Awards! 1st Annual Games Journalism Award

The New York Videogame Critics Circle is proud to present its first Games Journalism Award, to be conferred upon one journalist or critic for distinguished contributions to the field during the voting year. The winner will be announced on the evening of February 9th, 2016 as part of the 5th Annual New York Game Awards which will be held at Villain in Brooklyn, NY.

The Games Journalism Award is intended to serve as an affirmation of the value of games journalism, and as a denouement for the hard work and creativity demonstrated by the journalistic and critical community throughout the year.

The selected journalist will have best demonstrated traditional journalistic values, including–but not limited to–work that illuminates, contextualizes, entertains, exhibits lucid writing, sound reasoning, wit, integrity, et alia.

The Short List

Jon Bois

Bois has shown a unique flair for finding humor and pathos (and a deep well of existential horror) in the expressions and flounderings of athletes’ digital likenesses. It wouldn’t have been unreasonable to expect that formula to wear thin in another season of his flagship series, Breaking Madden. But Bois answered that challenge by mining even deeper into the game’s subsystems, and surfacing with stories worth the effort.

See: Breaking Madden: I Open Up My Wallet And It’s Full of Blood

Ian Danskin

Any listener of This American Life should feel right at home with Danskin’s meticulous presentation. It’s certainly on display in his comprehensive explainer Why Are You So Angry, but the catchall style proves well-suited to Danskin’s diverse areas of inquiry and criticism–making a discussion of cultivation theory as digestible as a discussion of Call of Duty.
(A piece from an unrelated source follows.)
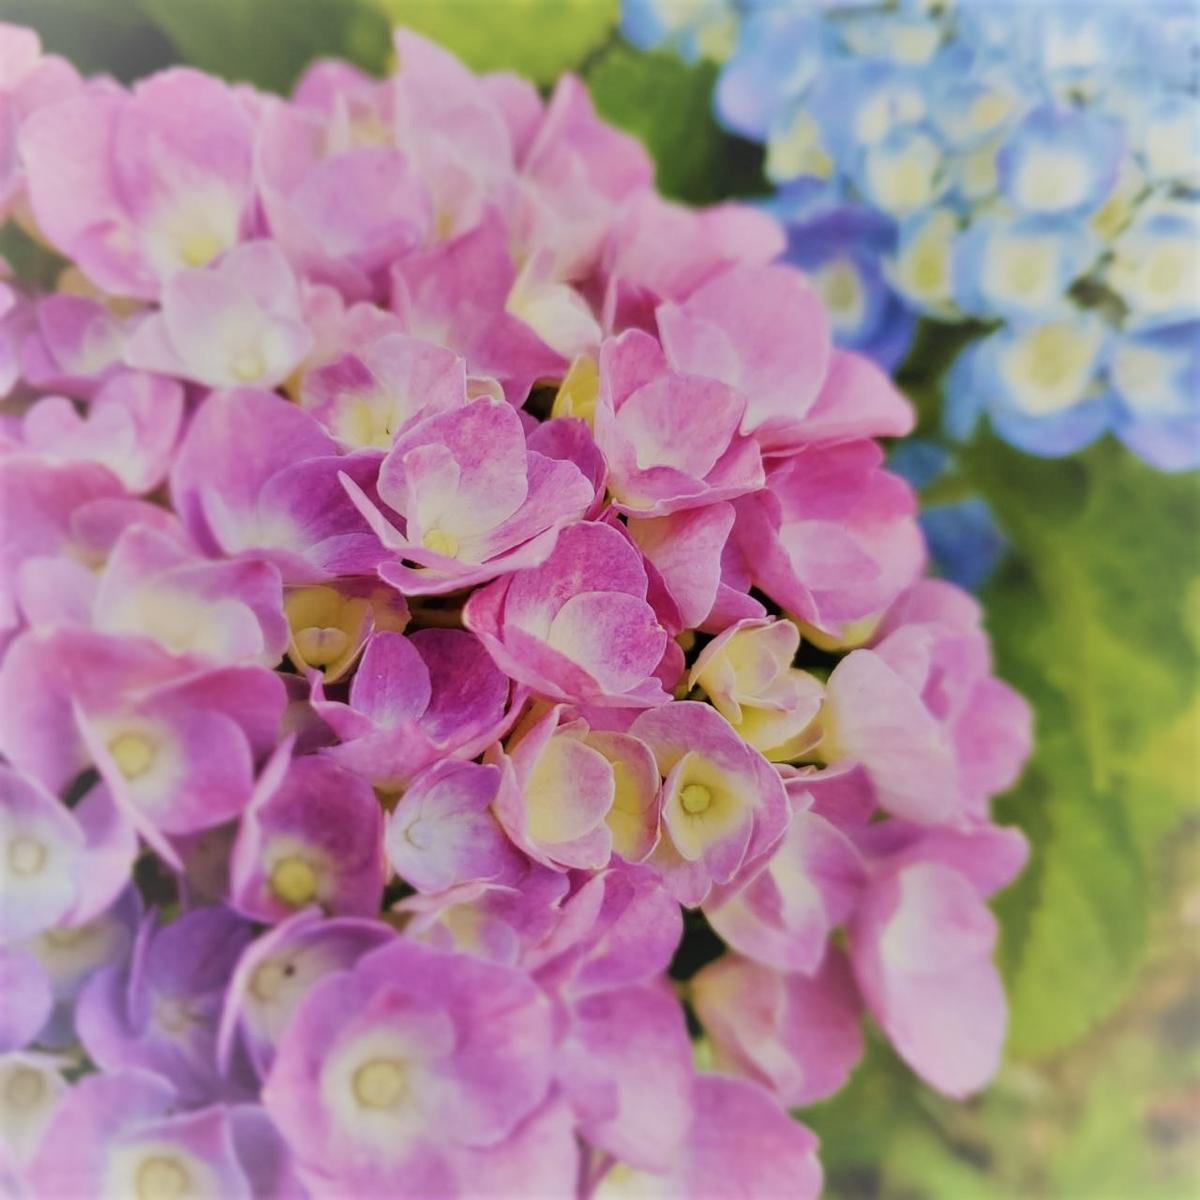 f:id:floraisony:20200601212539j:plain

See: Why Are You So Angry?

Cara Ellison

Ellison’s Embed With… series globetrots the gonzo-lite journalism of a Parts Unknown episode around a central axis of videogames, capturing local scenes with writing’s equivalent of a wide angle lens. Ellison shows herself here to be an inquisitive and wistful observer of culture, restoring to games their sense of place that’s been missing since the arcade’s decline.

See: Embed With…Singapore

Will Partin

What a game actually purports to be about is only one narrow band in the spectrum of its own meaning. Partin’s sprawling review of Prison Architect refuses to restrict itself to the former, and—as is proving typical for his criticism—instead spreads out to interpret in expert fashion the various subtexts, symbols, and histories coded into a little game about incarceration.

See: When Prison Is A Game

Rob Zacny

ESports Today has kept stride with a surging competitive gaming scene—no easy task—and it’s doubly impressive that Zacny (with cohost Andrew Groen) has managed to do so while maintaining a benchmark tone that’s both eminently listenable and approachable for those outside of eSports. Zacny also shares duties on the more pensive strategy game podcast Three Moves Ahead, one of the best weekly deep-dives available in audio.

See: ESports Today

Carolyn Petit

Petit has become one of the most proficient practitioners of what Kieron Gillen called the “New Games Journalism,” sourcing inspiration from introspection, and using a sturdy sense of self as a foundation for critical arguments. Few writers have made such compelling cases for videogames’ ability to be personally affecting.

See: The Game is not Yours: Thoughts on The Beginner’s Guide

Christian Donlan

Donlan may be one of the rare critics whose name, appended to a verdict but otherwise bereft of any other context, could have value. But instead he treats his writing like a roguelike, where the attention and respect of his audience must be earned anew at the start of each piece. He frequently begins with a bracing in medias res—in gaming parlance, a sort of randomized spawn. But the path of his text reliably leads to a worthy destination.

See: 80 Days Review

The award is being administered in accordance with the following guidelines:

▫ The award is made available to anyone who has created a journalistic work on the topic of video games during the awards year

▫ Eligible works include, but are not necessarily limited to: Features, Editorials, Criticism, News Reports, Reviews, & Previews

▫ Written, audio, illustrative, and video works are eligible

▫ Circle members will be ineligible for the award

▫ Staff at sites represented in the Critics Circle will be ineligible for the award

▫ No prize (financial or otherwise) will be associated with the award beyond the New York Game Awards Trophy

▫ No sponsorship will be associated with the award

▫ Circle members are expected to vote solely in accordance with the award’s principles.